Drunk History Spotlights Nichelle Nichols, the “First Black Woman in Space for Fake”
We all obviously love Nichelle Nichols for her role as Lieutenant Uhura on the original Star Trek (and several subsequent films). However, Nichols was also responsible for changing the game up for women, specifically black women, in real life, both in STEM fields and beyond. All this is paid respectful and hilarious tribute in the most recent episode of Drunk History.
Appropriately titled “Game Changers,” the episode of Drunk History that aired last night focuses on people (it being Black History Month, the show also appropriately focuses on all black people) who changed the game through their work in various fields.
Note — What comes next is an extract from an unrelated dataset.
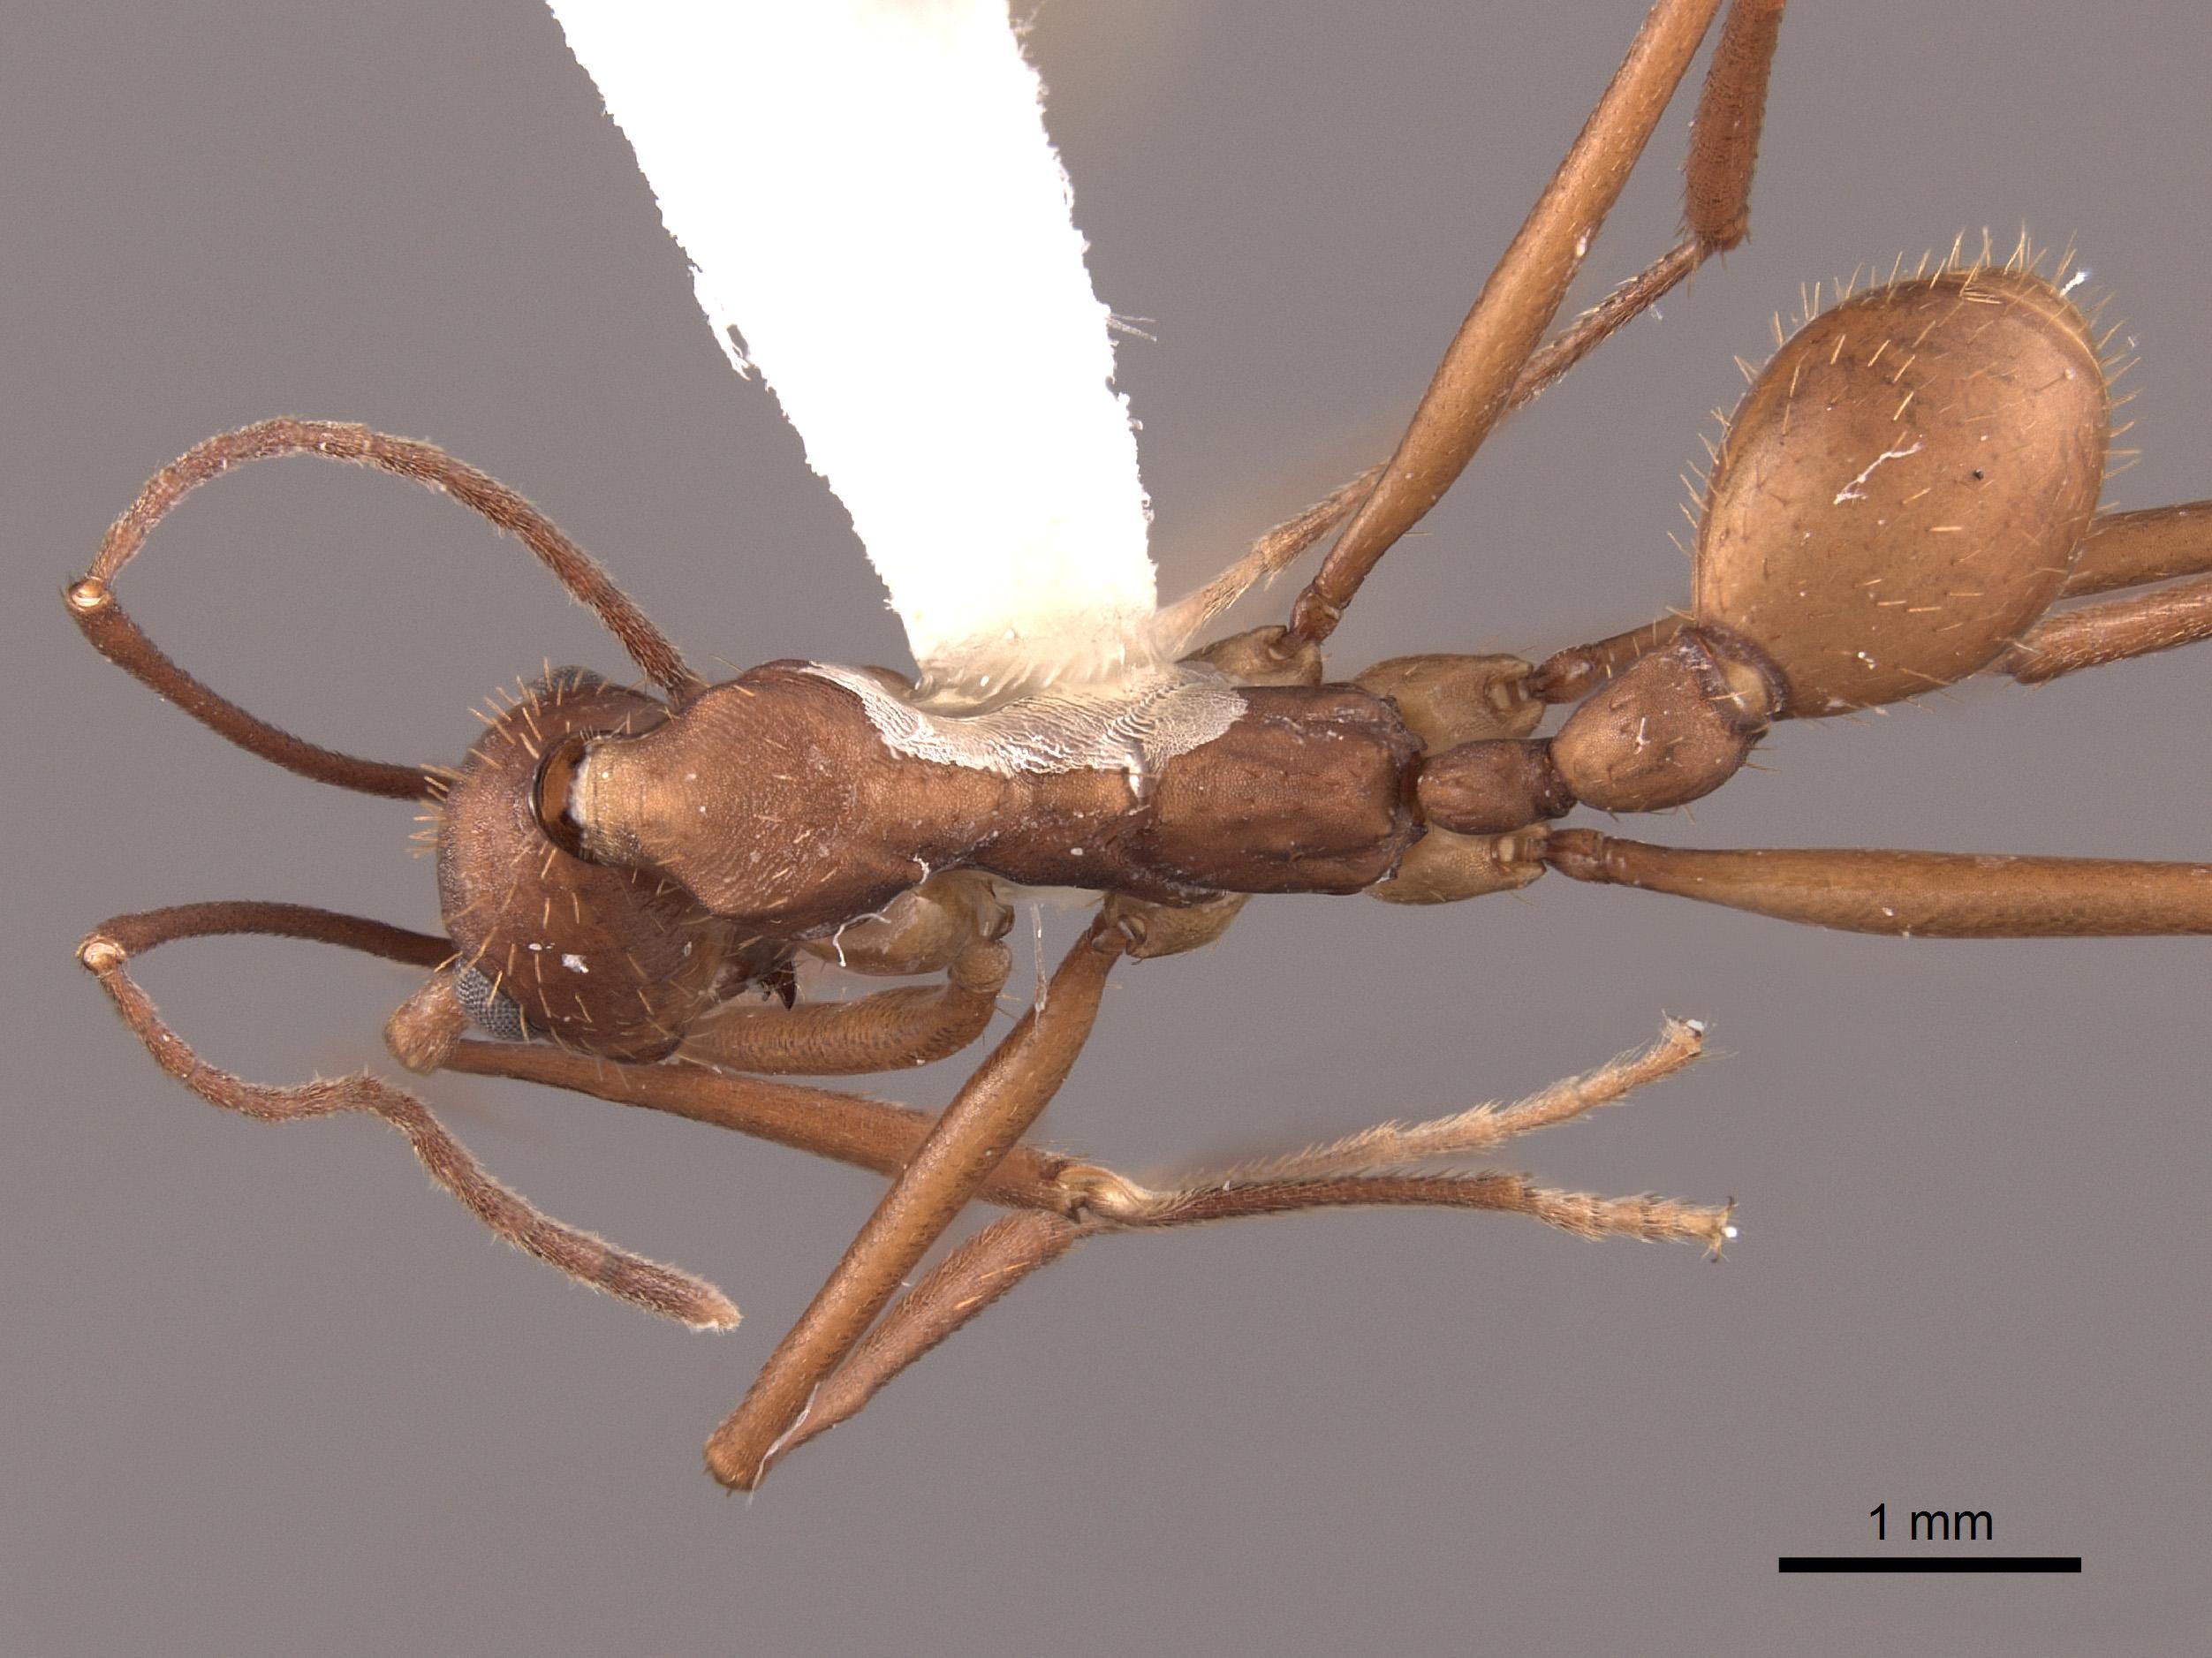 Image of Aphaenogaster araneoides

Music takes up a bunch of the episode, telling the stories of both the birth of hip-hop in 1970s New York and the story of Berry Gordy founding Motown Records.
However, the story that was the most relevant to our interests was that of Nichelle Nichols. The story is wonderfully and drunkenly told by comedian and Full Frontal writer, Ashley Nicole Black, and includes the time when Nichols (played by Raven-Symoné) met Martin Luther King Jr. (played by Jaleel White), and he convinced her to remain on Star Trek when she was considering moving on, because he loved the show and saw her as an inspiration to young black people who could for the first time see a black woman on television who wasn’t a servant.
It also gets into the story of her being half of television’s first interracial kiss on Star Trek along with William Shatner (played by Drunk History creator, Derek Waters).
Those stories I knew. What I didn’t know much about was just how instrumental she was in actively integrating NASA’s space program. Nichols gave a speech at NASA encouraging them to take inspiration from Star Trek and actively recruit a more inclusive group of astronauts.
As narrator Black explains, they didn’t “know anyone who wasn’t a white dude,” so they asked for Nichols’ help in that recruitment. Nichols ended up touring the country and recruiting Sally Ride, the first American woman in space, Guion Bluford, the first black man at NASA, and Mae Jemison, the first black woman in space.
So, as Black tells us, “So, Nichelle Nichols was, like, the first black lady to go to space for fake, and she recruited the first black lady to go to space for real. She literally integrated space.”
And how did Nichols feel about getting the Drunk History treatment? In an interview with Entertainment Weekly, she laughed, “Well, I don’t know what to think. But it was really funny and pretty good as a comedy version of what really happened.”